Blog #38: Celebrate Dr. Gay, But Recognize Continuing Impediments To Black Women Seeking Tenure
Updated: Jan 9
Harvard University announced Dr. Claudine Gay as the University’s 30th President. She will be the first Black person to lead the University.
Dr. Gay is well-educated and steadily worked her way into the highest levels of academia. She studied economics at Stanford University and then earned her Ph.D. from Harvard, winning the University’ prize for best dissertation in political science. She returned to Stanford where she became a tenured professor. She was later recruited to Harvard in 2006 where she taught in the Departments of Government and in African and African American Affairs. Beginning in 2015, she served as Dean of Social Sciences, and in 2018 she was selected to serve as Dean of the Faculty of Arts and Sciences (FAS) which oversees Harvard’s undergraduate and Ph.D. programs. As Dean of FAS, she was instrumental in navigating Harvard College through the COVID pandemic. During that period, she was tasked to ensure the safety of those at the University and facilitate transparency through regular communications with Harvard students, faculty, staff, parents, and the entire college community. She also launched a faculty-driven strategic planning process to look at fundamental aspects of academic structures, resources and operations in FAS.
Dr. Gay, to say the least, has held very important roles within the University, and her experience, knowledge, effectiveness and accomplishments made her a natural choice to assume the role as Harvard’s next President.
Dr. Gay’s selection as Harvard President underscores the importance of having black women in the leadership pipeline at colleges and universities in particular. Taking from Vice President Kamala Harris, while Dr. Gay “may be the first [black] to hold this office …. [she shouldn’t] be the last.” Kamala Harris speech: “I may be the first woman to hold this office. But I won’t be the last.” - Vox. Recalling the summer of 2021, Nikole Hannah-Jones, a professor at University of North Carolina, had been denied tenure despite her status as a Pulitzer Prize winner for Commentary and MacArthur Foundation Award recipient. She later was awarded tenure at Howard University. Nikole Hannah-Jones declines UNC tenured position and will join Howard University | CNN.
Tenure status for academic faculty is a significant professional milestone. In addition to being a life-time position at a college or university, tenure gives a professor the freedom to spend their time conducting research and publish on important and significant topics in the arts and sciences that advance our social progression.

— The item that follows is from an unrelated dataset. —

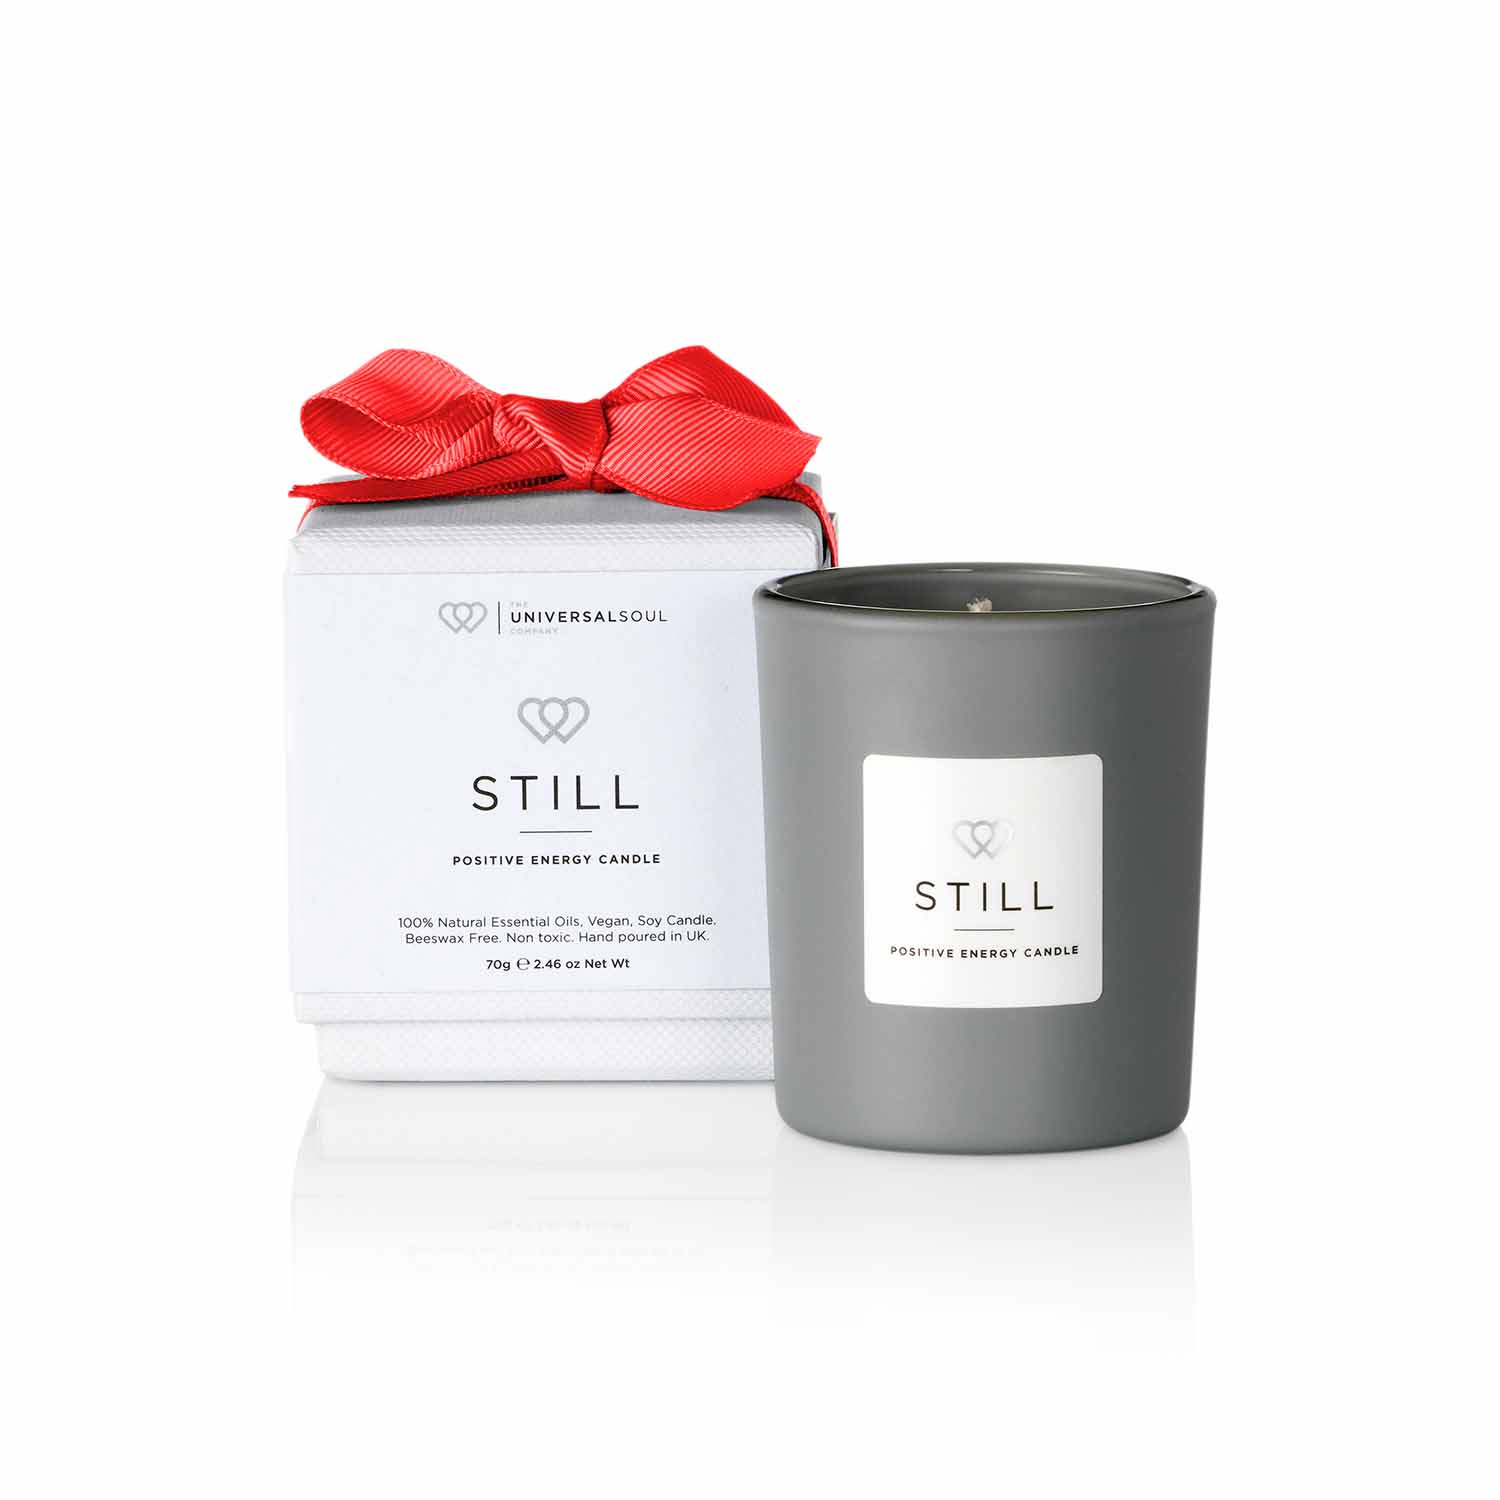 Valentines:Wedding 30cl Candle matt grey with packaging and red bow - The Universal Soul Company 1500px - The Universal Soul Company

But, as with many professions, there is a significant under-representation of black women in tenured positions at colleges and universities. A 2019 article in the Chronicle of Higher Education reported that as of the fall of 2019, black women comprised only 2.1% of tenured associate and full-time professors at U.S. colleges and universities. You can check out how various institutions of higher learning rank on this metric. The article contains a searchable database of colleges and universities and the percentage of black female tenured faculty in 2019 based on self-reported data. How Many Black Women Have Tenure on Your Campus? Search Here (chronicle.com). The National Center for Education Statistics (NCES) shows how black women fare across academia. Fast Facts: Race/ethnicity of college faculty (61) (ed.gov). Based on NCES 2020 data, black women were 3% of all faculty at colleges and universities.
How did we get here? There are many reasons. These impediments begin with admission into graduate programs, which creates the pool of qualified academics who later compete for teaching positions in higher education. After completing their graduate program, professors must establish themselves as nationally recognized scholars in their fields, which is demonstrated through teaching, research and service. Unfortunately, but not surprisingly, at each of these benchmarks, black women have faced inordinate impediments that inhibit their progression in academia. Black women face many obstacles in their efforts to win tenure (opinion) (insidehighered.com).
So, why is this important? This is important for our children. Our children eventually become our teens who begin making college choices, and young adults making academic selections and career pursuits. When in college, it is very important that our young adults feel wanted and seen. There is greater chance of that if they have professors who look like them, relate to them, want to provide guidance to them, want them in their research labs, and advise them on their senior theses. These professors are the ones who are more likely to impart greatness into our young adults and tell them the great things that they are capable of achieving. That’s why this issue is so critically important.
So, while we celebrate the ascension of Dr. Gay as the next President of Harvard University, and her many accomplishments that got her there, let’s realize that our institutions of higher learning must dig deep to rectify the dearth of black women tenured professors. Improvements in the representation of black women in tenured positions benefit institutions of higher learning and its students, and the academic research and contributions towards societal advancement offered by black female academics ultimately benefits all of us.